Froschkönig, giftgrün

■ Neue Bilder aus dem „Atelier Blaumeier“ im Kulturbahnhof Vegesack auf dem Weg zum Gesamtkunstwerk.

Ein überdimensionierter, fetter Froschkönig, giftgrün und aus Gips, wird durch den Kulturbahnhof Vegesack wandern und 40 SchauspielerInnen des Blaumeier-Ateliers werden auf einer Bühne mittels Masken, Kostümen, Stimme und Musik versuchen, ausgewählten Bildern eine dritte Dimension zu geben. Fünf von mehr als 100 Bildern, gemalt von Behinderten und Nicht-Behinderten aus dem Blaumeier-Atelier in Walle, werden zur Eröffnung der Ausstellung „Granat“ im Kulturbahnhof in eine szenische Performance integriert.

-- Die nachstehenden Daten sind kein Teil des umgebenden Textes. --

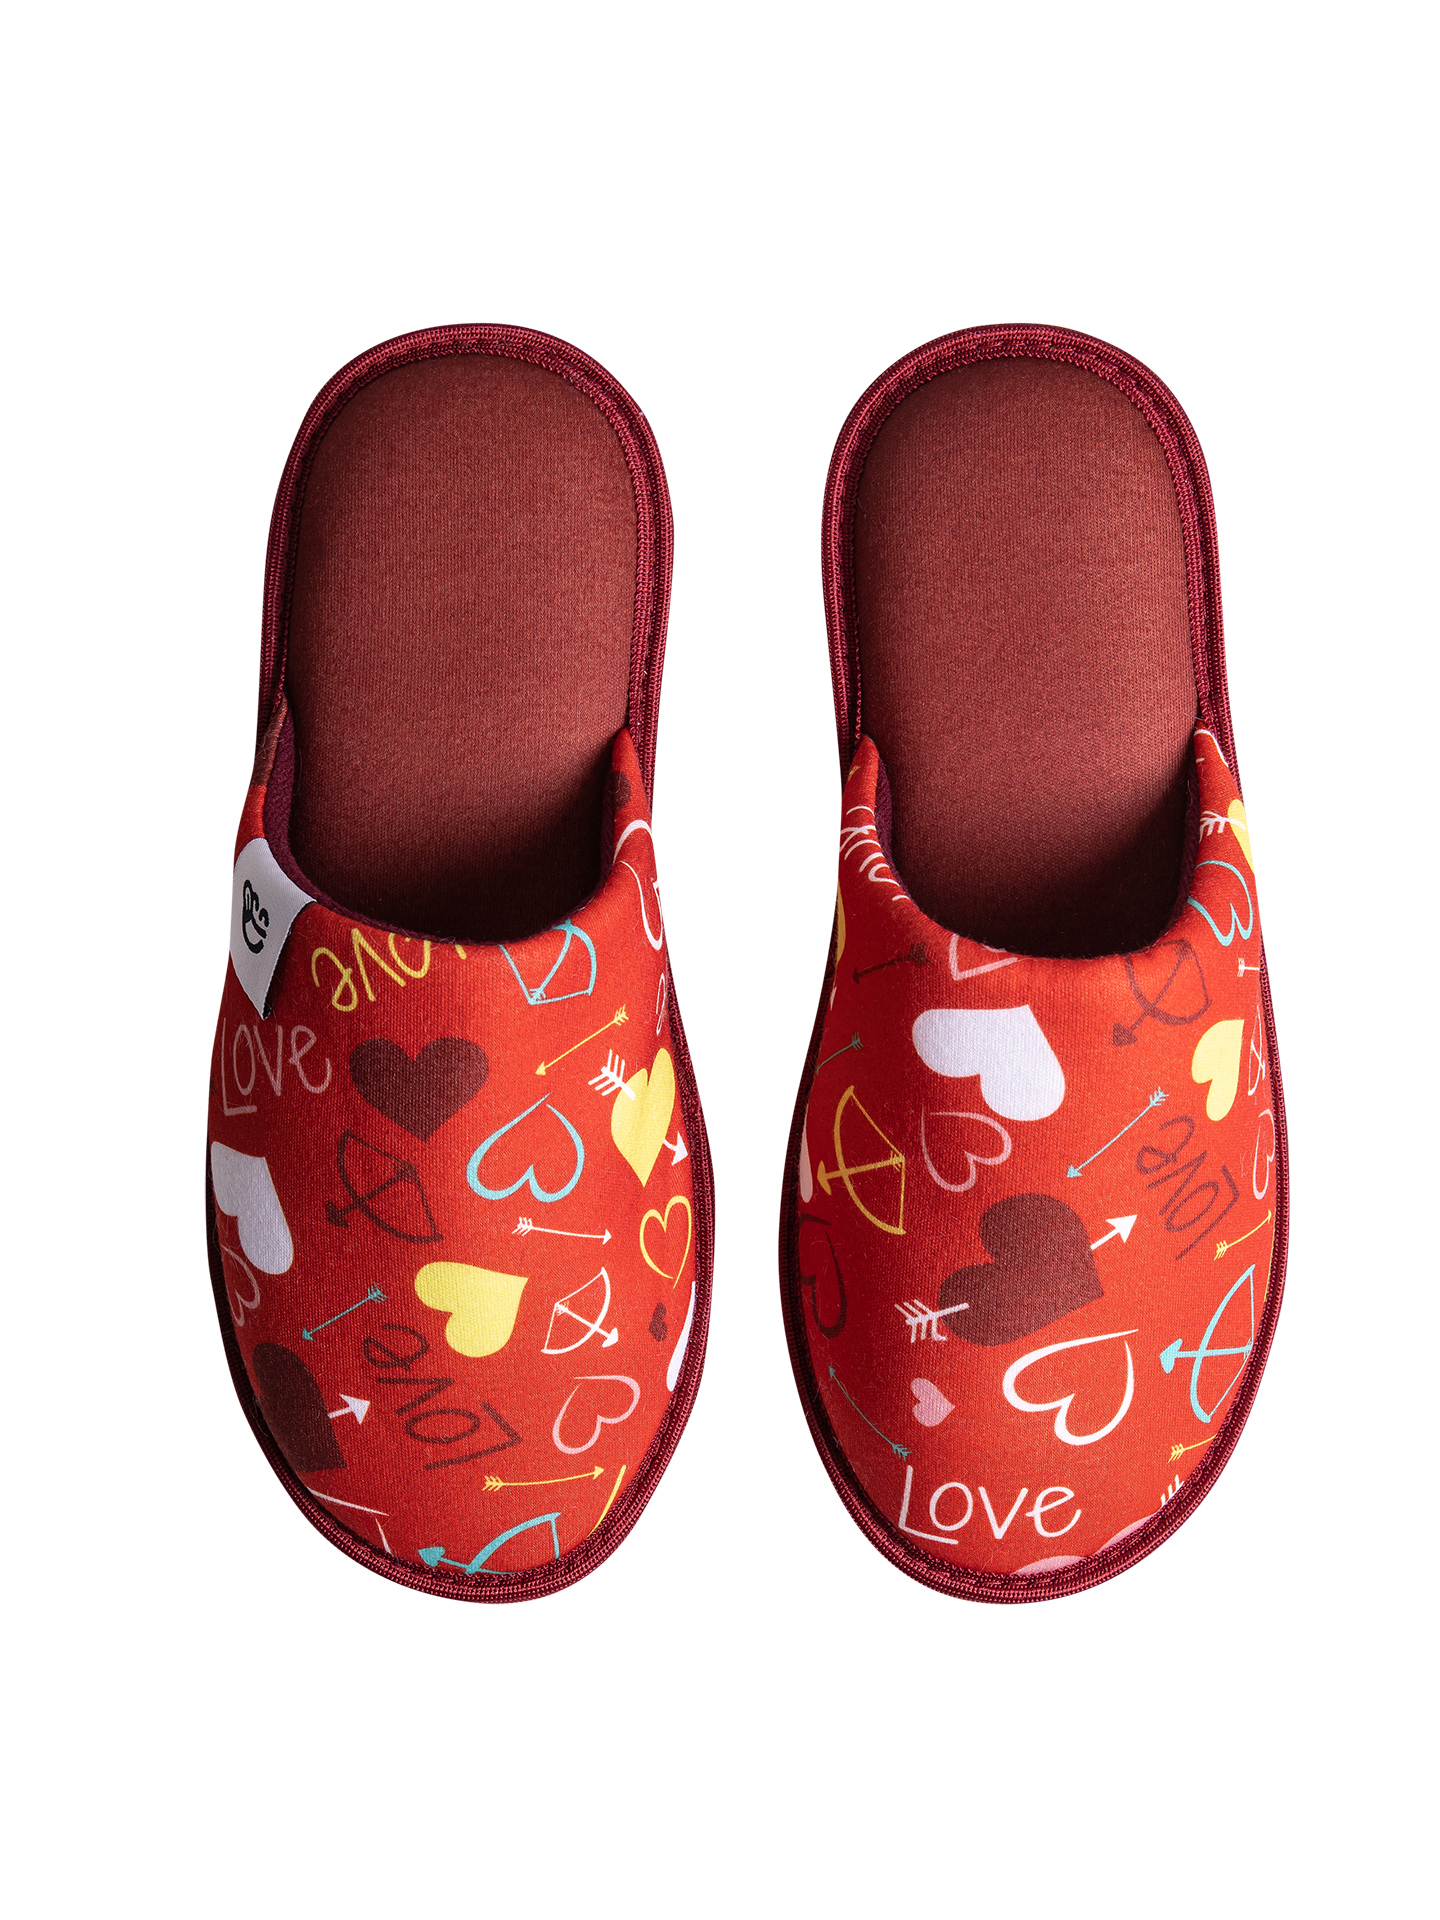 Slippers Hearts

Denn mit einem Medium allein begnügen sich die Blaumeier-MitarbeiterInnen noch nicht: „Theater, Malerei, Musik, Maskenbildnerei sollen verdichtet werden“, beschreibt Malu Thören die Blaumeier-Arbeitsweise. Verdichtet zu – einem Gesamtkunstwerk? Was beim „Zusammenschieben der Ereignisse“ herauskommt, bleibt offen, ein Experiment. Ebenso wie die Assoziationen, die sich beim Ausstellungstitel „Granat“ einstellen. Einer Verschleifung des französischen „Grand art“. Ob große Kunst, leicht augenzwinkernd gemeint, Granatapfel oder Edelstein, „Granat“ will in seiner Bedeutung so offen sein wie es die Ausstellung thematisch auch ist.

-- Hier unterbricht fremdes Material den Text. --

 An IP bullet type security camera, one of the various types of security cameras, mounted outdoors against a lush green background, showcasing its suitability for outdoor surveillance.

200 Aktive, Behinderte und Nichtbehinderte, treffen sich Woche um Woche in den Atelierräumen, manche seit nun schon fast zehn Jahren. „Viele, die zu uns kommen, sind professionelle Maler“, sagt Alfons Römer, Öffentlichkeitsarbeiter für die Blaumeiers. Für Römer bedeutet das nicht unbedingt, daß sie von der Malerei leben, aber für sie.

Aus diesem Enthusiasmus heraus sind die Arbeiten entstanden, die jetzt in der spröden Güterschuppenatmosphäre des geräumigen Kulturbahnhofs ausgehängt sind. Und in Augenhöhe des Betrachters zu schweben scheinen. Denn darauf, den rohen Charakter der Wände durch weiße Stellwände zu kaschieren und daran die Bilder zu hängen, hat man verzichtet. An unsichtbaren Fäden, im Gebälk verankert, hängen die Werke und geben den Exponaten Leichtigkeit. Am Fußboden gibt ein Namensschild Auskunft über die Urheberschaft des Bilder, mehr soll das geschätzte Publikum nicht erfahren. Kunst versteht sich bekanntlich als autonom. „Wir wollen keine Ausstellung mit Kunst von Behinderten machen“, sagt Malu Thören. Deshalb hängen Behinderten- und Nichtbehinderten-Werke Seite an Seite und halten sich ungefähr die Waage.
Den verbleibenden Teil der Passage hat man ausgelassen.